_Your goal_. Each line of the data below holding the word "Photos" must be copied.

Saved data entries
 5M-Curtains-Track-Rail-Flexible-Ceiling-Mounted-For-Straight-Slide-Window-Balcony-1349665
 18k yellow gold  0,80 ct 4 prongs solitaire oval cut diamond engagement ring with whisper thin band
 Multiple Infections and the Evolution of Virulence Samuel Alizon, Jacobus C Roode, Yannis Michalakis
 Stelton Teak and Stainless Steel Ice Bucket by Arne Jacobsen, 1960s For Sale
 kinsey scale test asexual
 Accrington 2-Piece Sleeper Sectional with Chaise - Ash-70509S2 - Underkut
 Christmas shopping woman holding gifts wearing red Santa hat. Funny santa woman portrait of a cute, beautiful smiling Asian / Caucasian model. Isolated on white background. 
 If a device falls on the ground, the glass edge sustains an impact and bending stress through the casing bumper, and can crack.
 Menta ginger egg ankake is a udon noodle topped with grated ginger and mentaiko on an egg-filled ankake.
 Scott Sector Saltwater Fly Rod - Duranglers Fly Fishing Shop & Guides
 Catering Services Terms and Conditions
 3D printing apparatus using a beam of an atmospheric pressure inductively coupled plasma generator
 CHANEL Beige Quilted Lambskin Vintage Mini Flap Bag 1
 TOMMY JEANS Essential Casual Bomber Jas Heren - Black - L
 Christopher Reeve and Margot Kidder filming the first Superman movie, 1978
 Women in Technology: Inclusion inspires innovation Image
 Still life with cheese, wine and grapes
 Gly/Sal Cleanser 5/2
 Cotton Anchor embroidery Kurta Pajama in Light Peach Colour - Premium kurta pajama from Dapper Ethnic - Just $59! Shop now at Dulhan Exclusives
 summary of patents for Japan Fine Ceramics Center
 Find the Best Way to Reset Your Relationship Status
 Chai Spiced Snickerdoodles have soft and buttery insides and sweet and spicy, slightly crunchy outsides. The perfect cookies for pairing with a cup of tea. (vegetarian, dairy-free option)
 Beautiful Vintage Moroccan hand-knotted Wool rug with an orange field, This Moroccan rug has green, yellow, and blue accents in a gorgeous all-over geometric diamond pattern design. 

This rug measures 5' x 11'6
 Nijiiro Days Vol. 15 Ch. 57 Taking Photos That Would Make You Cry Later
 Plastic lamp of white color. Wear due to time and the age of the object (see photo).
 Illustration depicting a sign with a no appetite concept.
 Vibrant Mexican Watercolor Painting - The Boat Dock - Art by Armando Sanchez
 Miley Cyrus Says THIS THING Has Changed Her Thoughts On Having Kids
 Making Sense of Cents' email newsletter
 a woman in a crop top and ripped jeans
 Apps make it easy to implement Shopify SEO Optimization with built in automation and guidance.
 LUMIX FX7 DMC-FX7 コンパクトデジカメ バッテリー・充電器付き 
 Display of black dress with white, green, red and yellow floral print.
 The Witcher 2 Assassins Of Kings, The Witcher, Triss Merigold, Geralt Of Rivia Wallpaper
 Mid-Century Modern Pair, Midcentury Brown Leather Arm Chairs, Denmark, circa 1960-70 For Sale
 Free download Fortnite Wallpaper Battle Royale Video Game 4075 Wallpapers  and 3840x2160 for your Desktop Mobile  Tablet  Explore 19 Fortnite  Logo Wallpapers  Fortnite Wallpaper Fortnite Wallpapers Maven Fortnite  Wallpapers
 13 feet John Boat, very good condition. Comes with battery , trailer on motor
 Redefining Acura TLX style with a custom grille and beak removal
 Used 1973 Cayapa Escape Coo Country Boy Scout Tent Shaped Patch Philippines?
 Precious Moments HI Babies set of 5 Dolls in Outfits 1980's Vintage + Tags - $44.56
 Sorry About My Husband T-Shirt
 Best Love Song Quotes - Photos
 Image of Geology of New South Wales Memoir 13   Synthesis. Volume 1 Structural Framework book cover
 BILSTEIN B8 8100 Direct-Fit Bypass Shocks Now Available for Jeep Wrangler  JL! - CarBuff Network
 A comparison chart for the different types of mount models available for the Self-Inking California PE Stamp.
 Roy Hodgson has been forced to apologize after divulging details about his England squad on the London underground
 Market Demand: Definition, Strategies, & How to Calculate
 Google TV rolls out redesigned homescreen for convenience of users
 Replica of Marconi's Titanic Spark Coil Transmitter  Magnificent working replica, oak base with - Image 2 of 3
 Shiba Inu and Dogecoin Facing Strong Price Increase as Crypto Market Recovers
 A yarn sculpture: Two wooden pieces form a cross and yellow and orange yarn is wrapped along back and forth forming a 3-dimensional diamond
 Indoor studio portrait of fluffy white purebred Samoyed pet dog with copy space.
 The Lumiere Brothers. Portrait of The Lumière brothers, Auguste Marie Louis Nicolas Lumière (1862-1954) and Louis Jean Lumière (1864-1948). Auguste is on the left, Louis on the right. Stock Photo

_Answer box_.
 Nijiiro Days Vol. 15 Ch. 57 Taking Photos That Would Make You Cry Later
 Best Love Song Quotes - Photos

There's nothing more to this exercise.